В 1994 году, дочке Иришке исполнилось четырнадцать, когда непредвиденная встреча с Вадимом Кудряшовым состоялась здесь, в городе Красноярске. Последний раз Виктор видел этого молодого бойца в Анкаре, с туго наложенными повязками на обгоревшем лице. Парень слышал лишь его голос, и не мог видеть командира, и даже сильно переживал, что ему не суждено больше видеть собственными глазами белый свет. Тот, короткий разговор врезался Виктору в память. Молодого лейтенанта восхитила выдержка солдата, он был невероятно польщён силой духа, и отъявленным мужеством простого мальчишки. Если бы он только знал, каких усилий потребовалось рядовому Кудряшову достойно держаться перед командиром, даже в такие тяжёлые минуты. С тех пор пролетело много лет. И вот, как-то в одной из местных газет вышла статья, которой Виктор изначально не придал особого внимания. Тема о войне в Афганистане, всегда затрагивала за живое, как личное, пережитое. Статьи, а так же репортажи, и ранее, но не так часто, и всё же появлялись в информационном поле.
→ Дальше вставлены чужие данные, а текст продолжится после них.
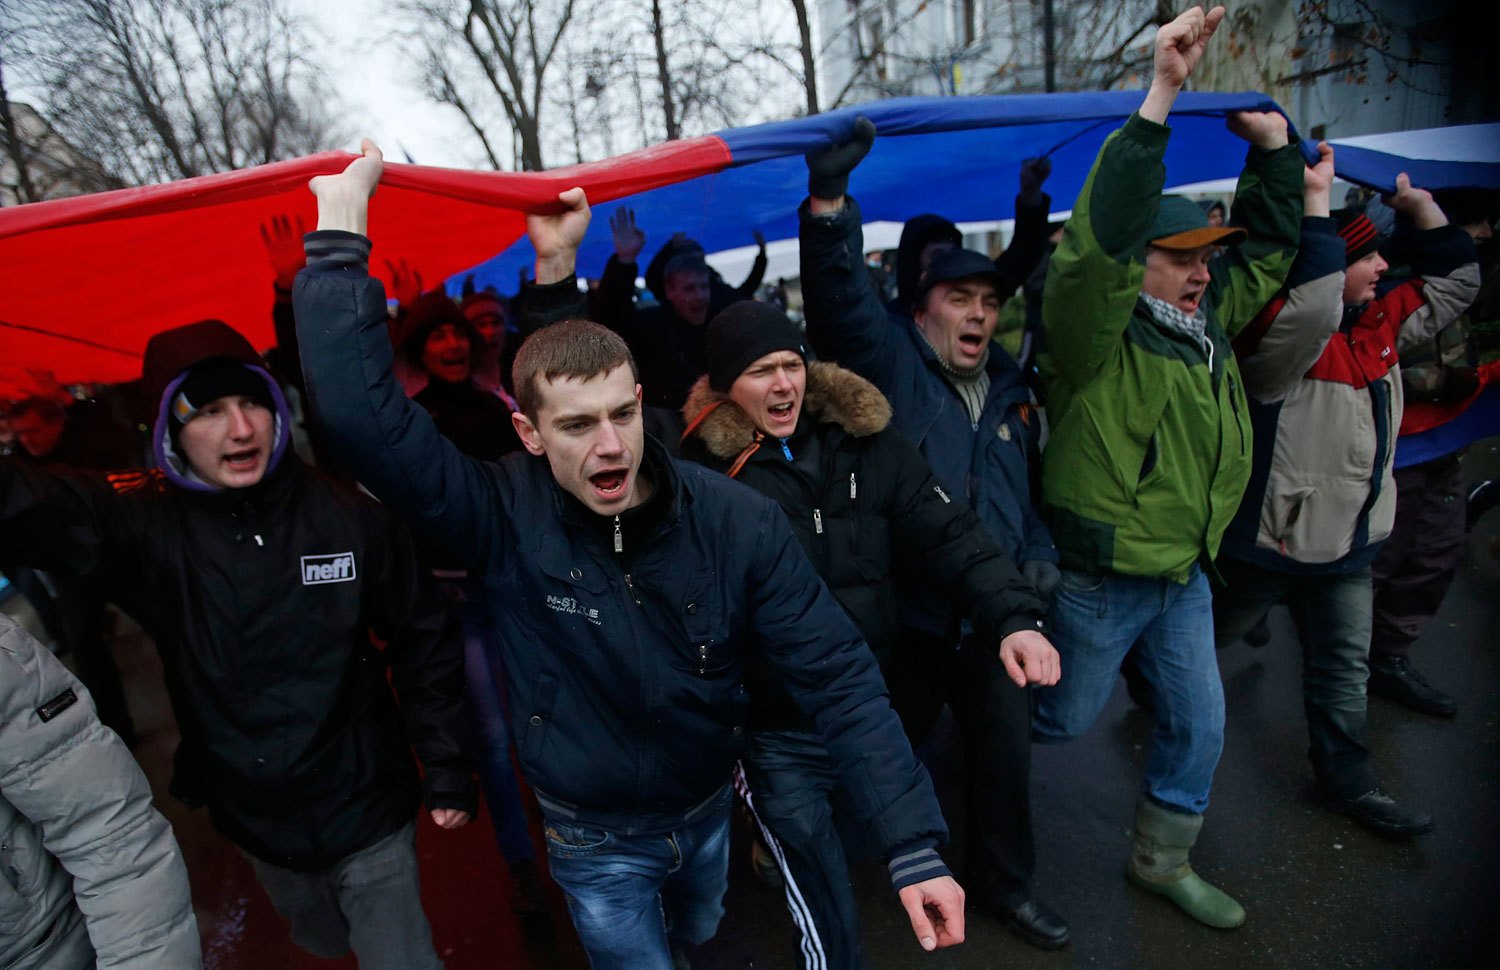 People carry a giant Russian flag during a pro-Russian rally in Simferopol, Feb. 27, 2014.

Очерк на всю газетную страницу, так и назывался: "Забытые Родиной". Вкратце излагалось суть статьи в отторжении обществом существующей проблемы ветеранов военных действий в Афганистане. Как оказалась, военная тематика: о сложных проблемах с которыми столкнулись участники военных действий, попросту не интересовало людей. Кроме тех военных ветеранов прошедших весь этот ад, и их семей. По сути: после распада СССР в стране с новым укладом "афганцы" являлись брошенными нашим государством, и жертвами абсолютно безразличного, эгоистичного общества к трагедии, и их семьям, всех тех людей, кто остался на обочине судьбы в мирное время наедине со своей бедой.
За десять лет войны погибло около пятнадцати тысяч советских солдат, и это не считая раненых, и искалеченных вернувшихся на Родину. Изувеченных судеб не пересчитать. Статистика ужасна, однако ж в сознании людей: война - это что то посредственное, прошлое, из книг и телевидения несомненно страшное, но где то там, не здесь, не с ними. Тяжёлые испытания, которые вынесли ребята на чужой земле, оказались никому не нужными, напрасными жертвами. Об этой войне пытались умалчивать, считая её политической ошибкой. Не слишком ли дорогой ценой молодым ребятам, и боевым командирам - офицерам пришлось заплатить за политическую ошибку?...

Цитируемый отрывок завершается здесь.